Usage of Pandas DataFrame tail() Method
The tail()
method in pandas is used to return the last n rows of a DataFrame or Series. By default, it returns the last 5 rows if no parameter is specified.
To run some examples of the Pandas DataFrame tail() function, let’s create a Pandas DataFrame using data from a dictionary.
import pandas as pd
technologies= {
'Courses':["Spark", "PySpark", "Hadoop", "Python", "Pandas", "PySpark", "Java"],
'Fee' :[22000, 25000, 23000, 24000, 26000, 30000, 35000],
'Discount':[1000, 2300, 1000, 1200, 2500, 2000, 2200],
'Duration':['35days', '40days', '45days', '50days', '30days', '25days', '45days']
}
df = pd.DataFrame(technologies)
print("Original DataFrame:\n", df)
Yields below output.
The default usage of the tail()
method in Pandas, without specifying the number of rows, returns the last 5 rows of the DataFrame.

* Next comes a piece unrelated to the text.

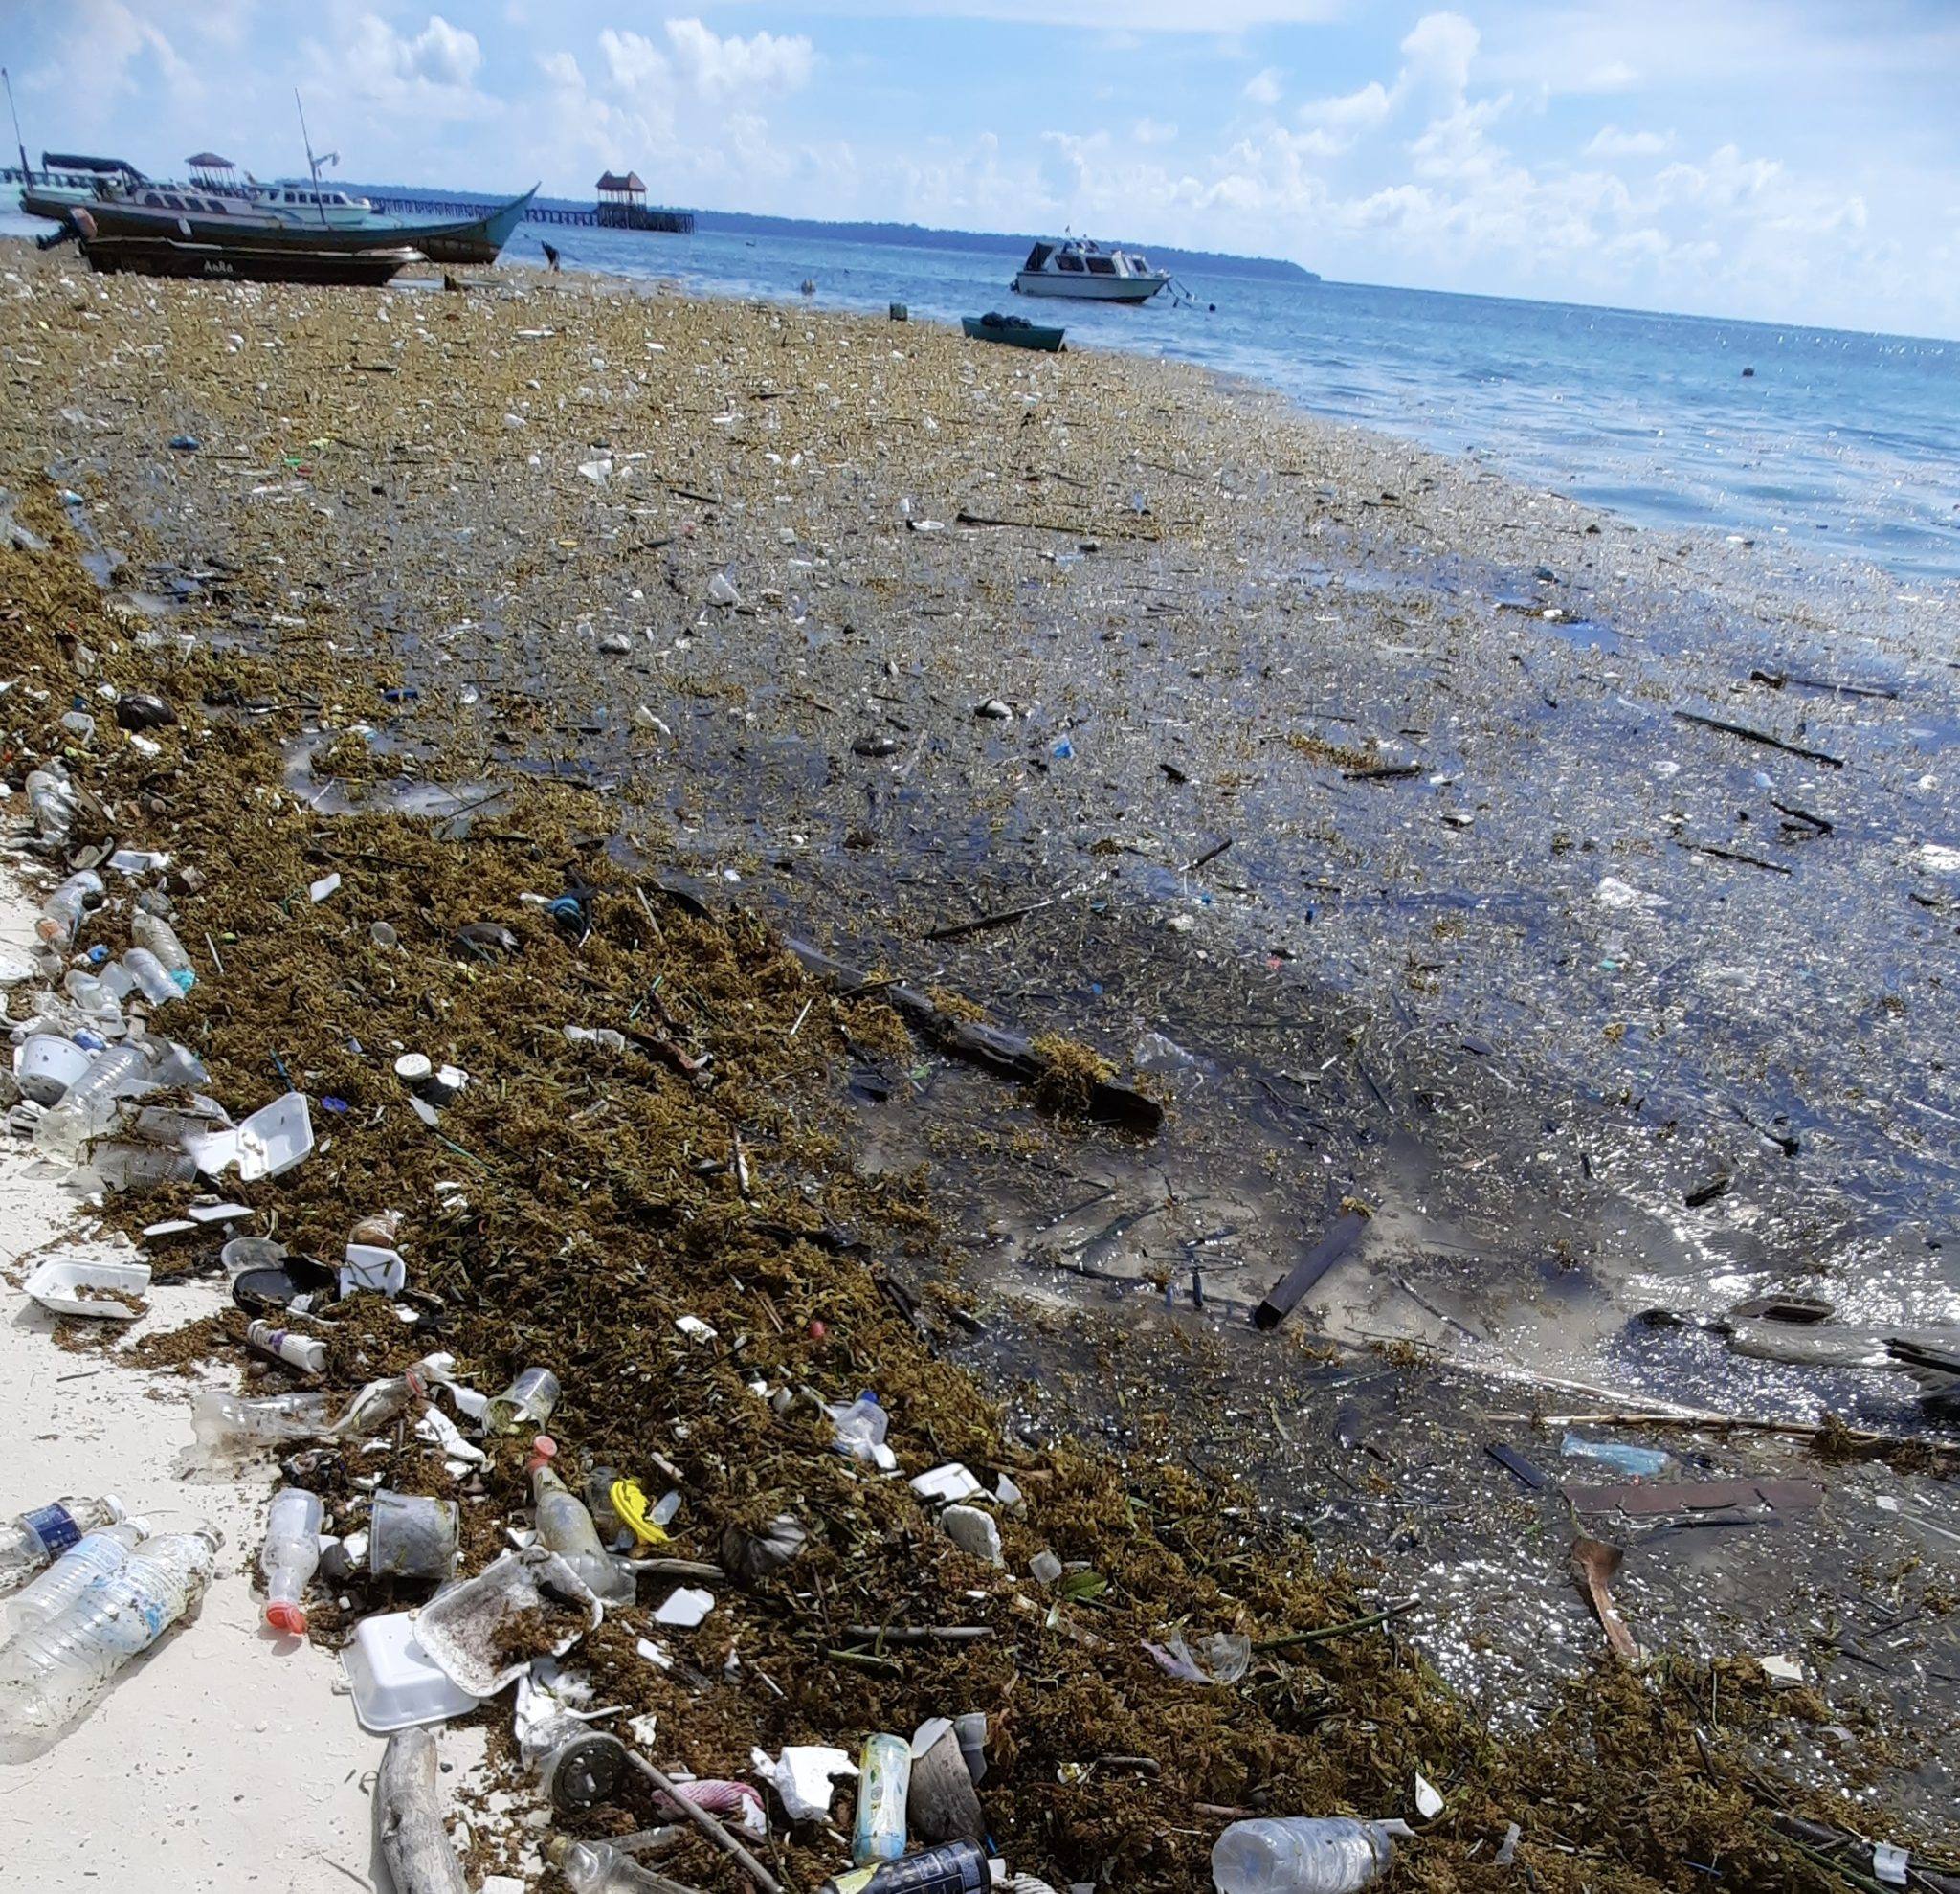 Sampah Kiriman Mulai Menepi di Pulau Maratua, Plastik hingga Batang Pohon Berserakan

# Using tail() method with default (last 5 rows)
print("Last 5 rows of the DataFrame (default usage):\n", df.tail())
In the above example, df.tail()
without any arguments gives you the last 5 rows of the df
DataFrame. This is useful for quickly inspecting the end of the DataFrame and seeing the most recent entries.

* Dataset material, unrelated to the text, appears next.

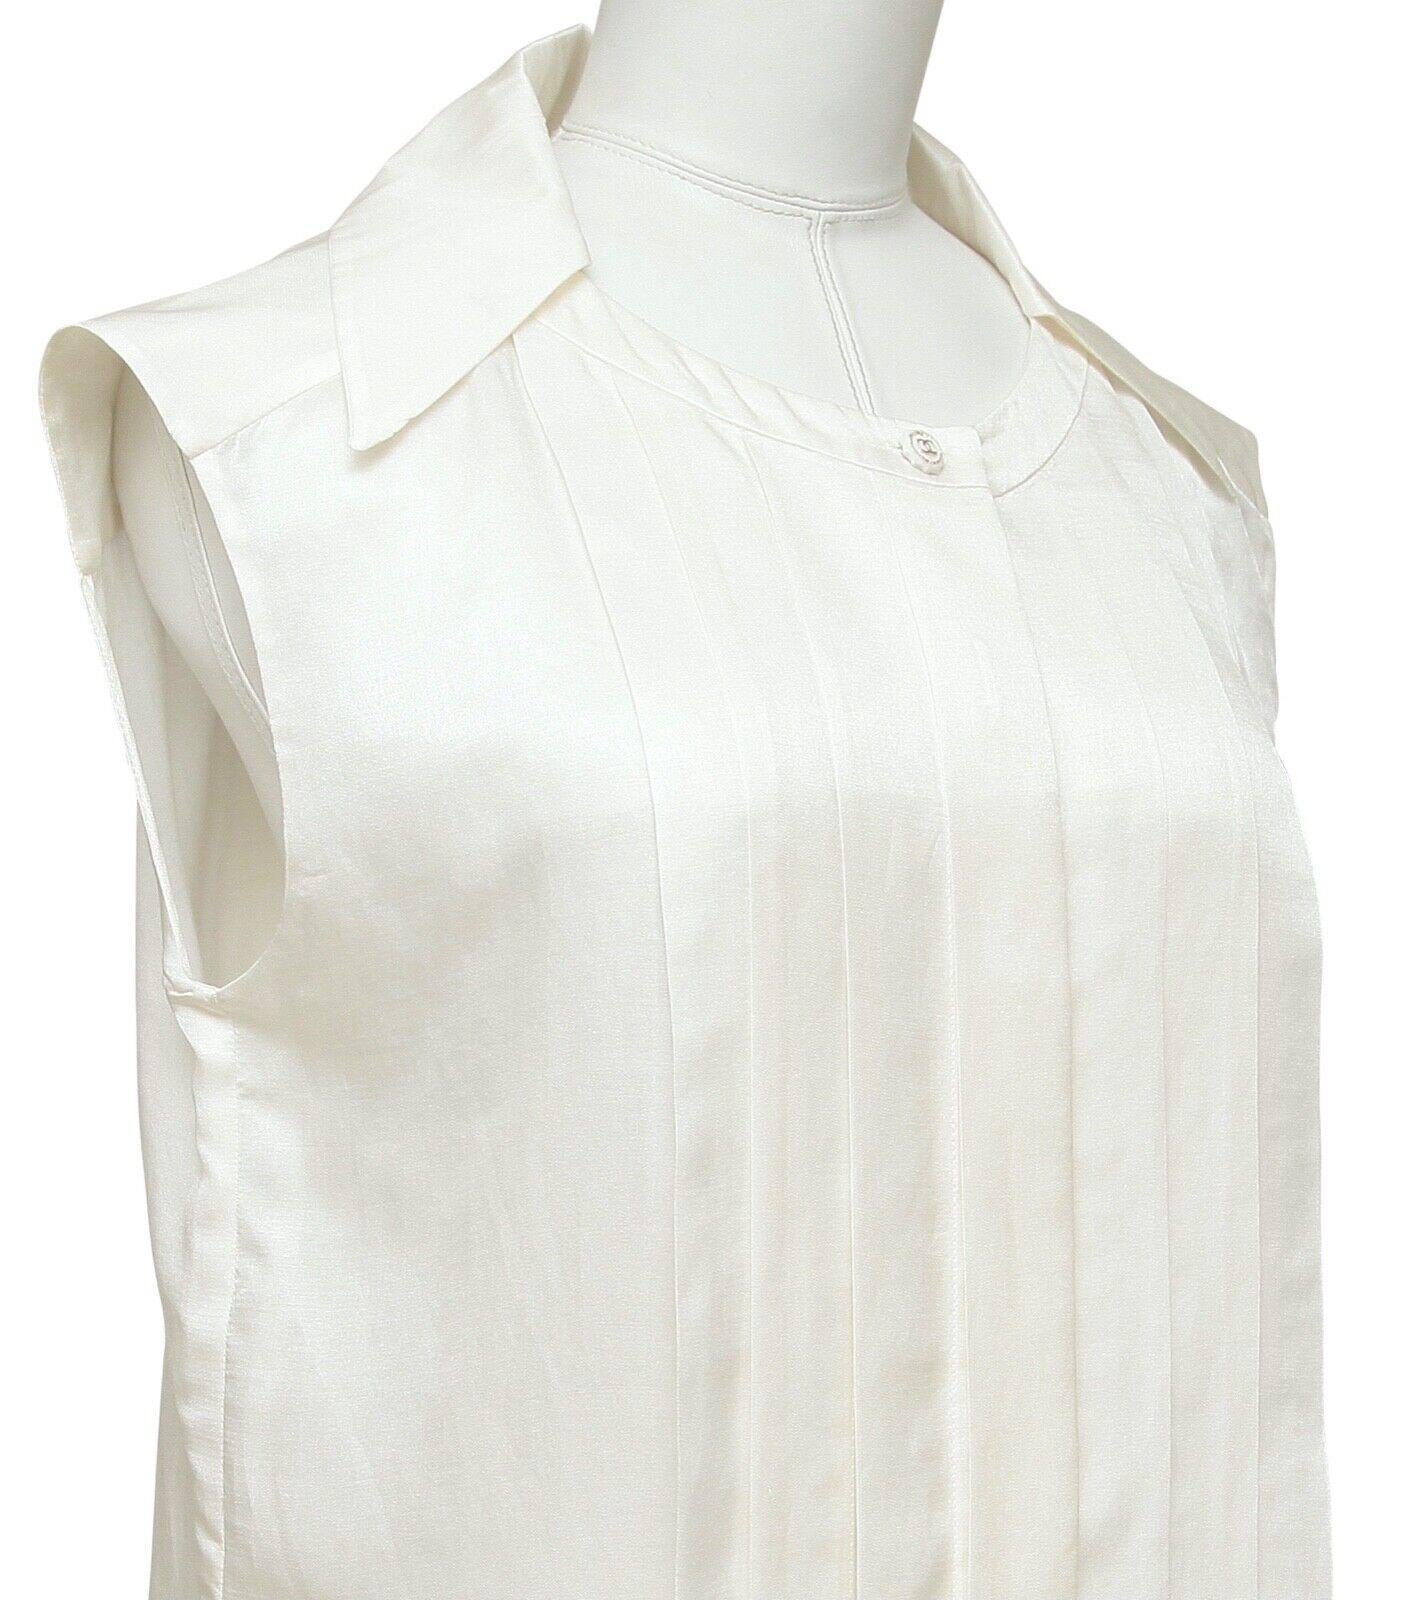 CHANEL Sleeveless Blouse Top Shirt Ivory Ecru Cotton Silk Pleats Collar Sz 44 1

Specify Number of Rows (last 3 rows)
To specify the number of rows you want to retrieve using the tail()
method in Pandas, you can pass an integer argument indicating how many rows from the end of the DataFrame you want to see.
# Using tail() method
# To get the last 3 rows
print("Last 3 rows of the DataFrame:\n", df.tail(3))
# Output:
# Last 3 rows of the DataFrame:
# Courses Fee Discount Duration
# 4 Pandas 26000 2500 30days
# 5 PySpark 30000 2000 25days
# 6 Java 35000 2200 45days
In the above example, df.tail(3)
specifies that we want to retrieve the last 3 rows of the df
DataFrame. This can be particularly useful for examining recent data entries or for validating changes made to the DataFrame.
Tail with Single Column DataFrame
Alternatively, using the tail()
method with a single-column DataFrame works just like it does with multi-column DataFrames.
import pandas as pd
# Creating a single-column DataFrame
df = pd.DataFrame({'A': [10, 20, 30, 40, 50, 60, 70]})

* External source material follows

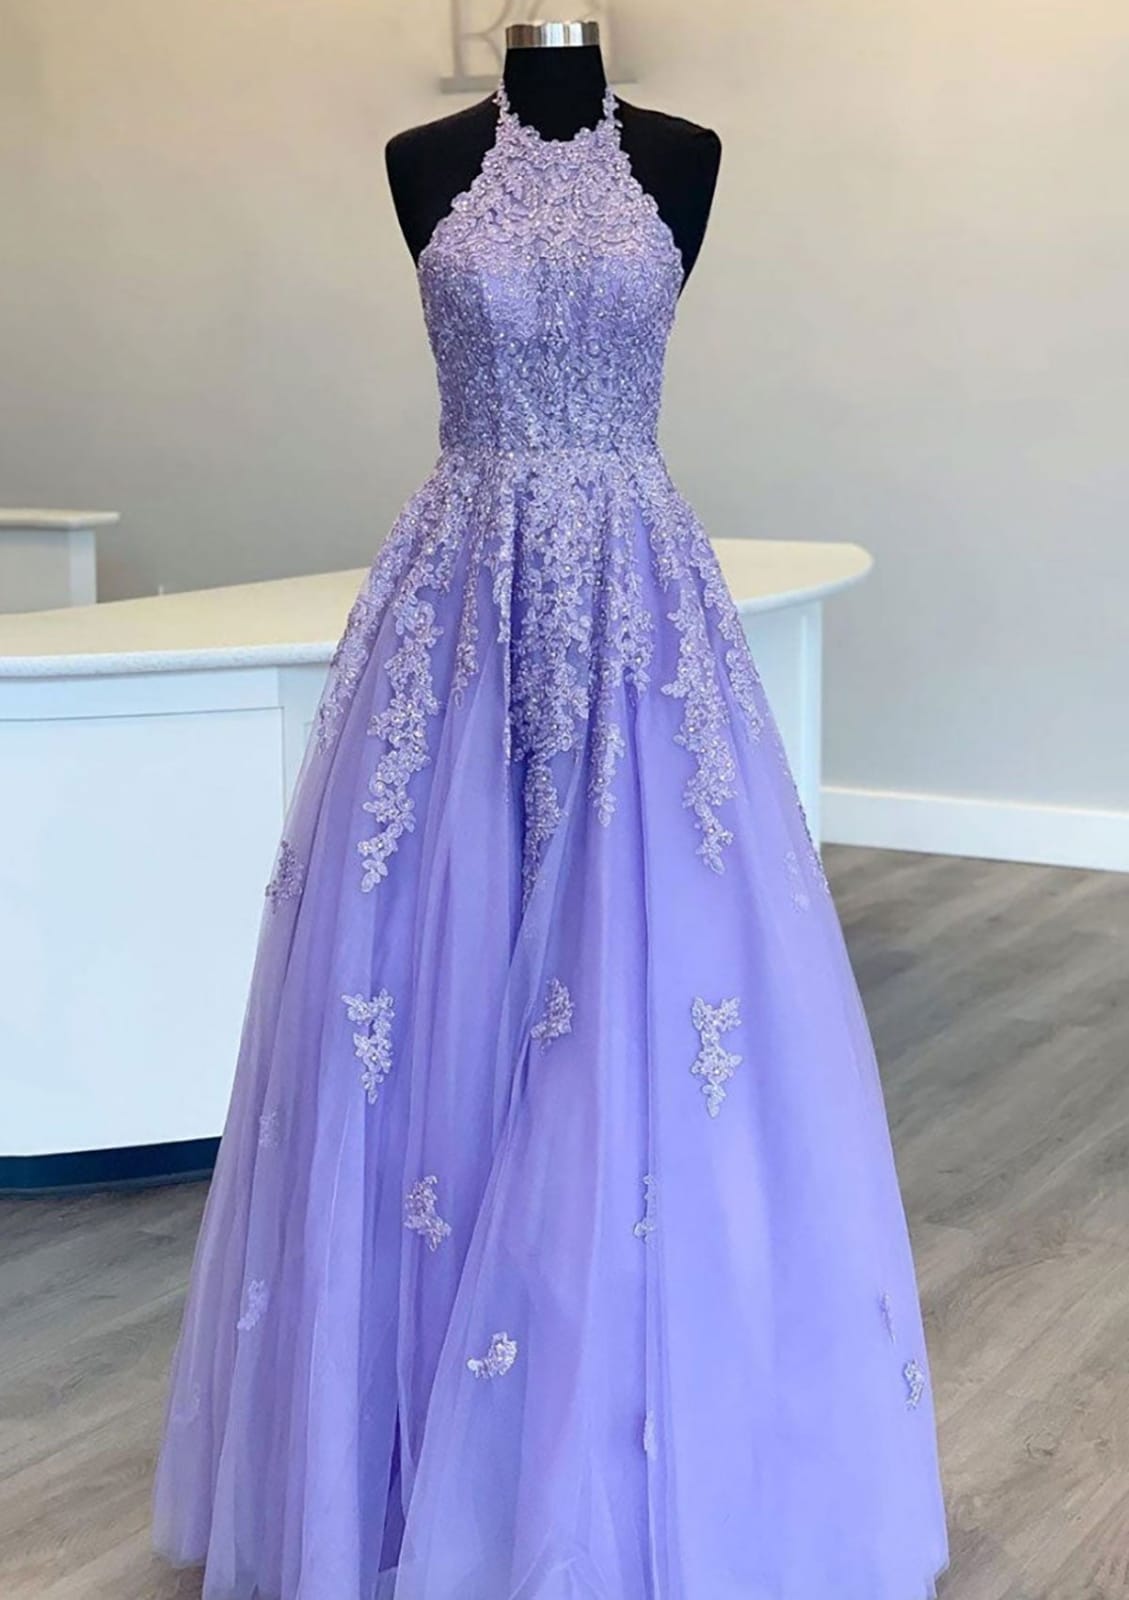 Purple Juniors Bead Halter Top Short Prom Dress | Homecoming Dress

# Using tail() method to get the last 3 rows
print("Last 3 rows of the single-column DataFrame:\n", df.tail(3))
# Output:
# Last 3 rows of the single-column DataFrame:
# A
# 4 50
# 5 60
# 6 70
In the above example, we create a single-column DataFrame named df
with one column A
. We use the tail(3)
method to retrieve the last 3 rows of the DataFrame.
Tail with Multi-Index DataFrame
To use the tail()
method with a Multi-Index DataFrame, you need to first create a DataFrame with multiple levels of indexing. Then, you can call the tail()
method just as you would with a standard DataFrame.
import pandas as pd
# Creating a MultiIndex
technologies= [
["Spark", "Spark", "PySpark", "PySpark", "Python", "Pandas", "Pandas"],
[22000, 25000, 23000, 24000, 26000, 30000, 35000],
]
index = pd.MultiIndex.from_arrays(technologies, names=('Courses', 'Fee'))
# Creating the DataFrame with MultiIndex
data = {
'Discount':[1000, 2300, 1000, 1200, 2500, 2000, 2200],
}
df = pd.DataFrame(data, index=index)
print("Create DataFrame with MultiIndex:\n", df)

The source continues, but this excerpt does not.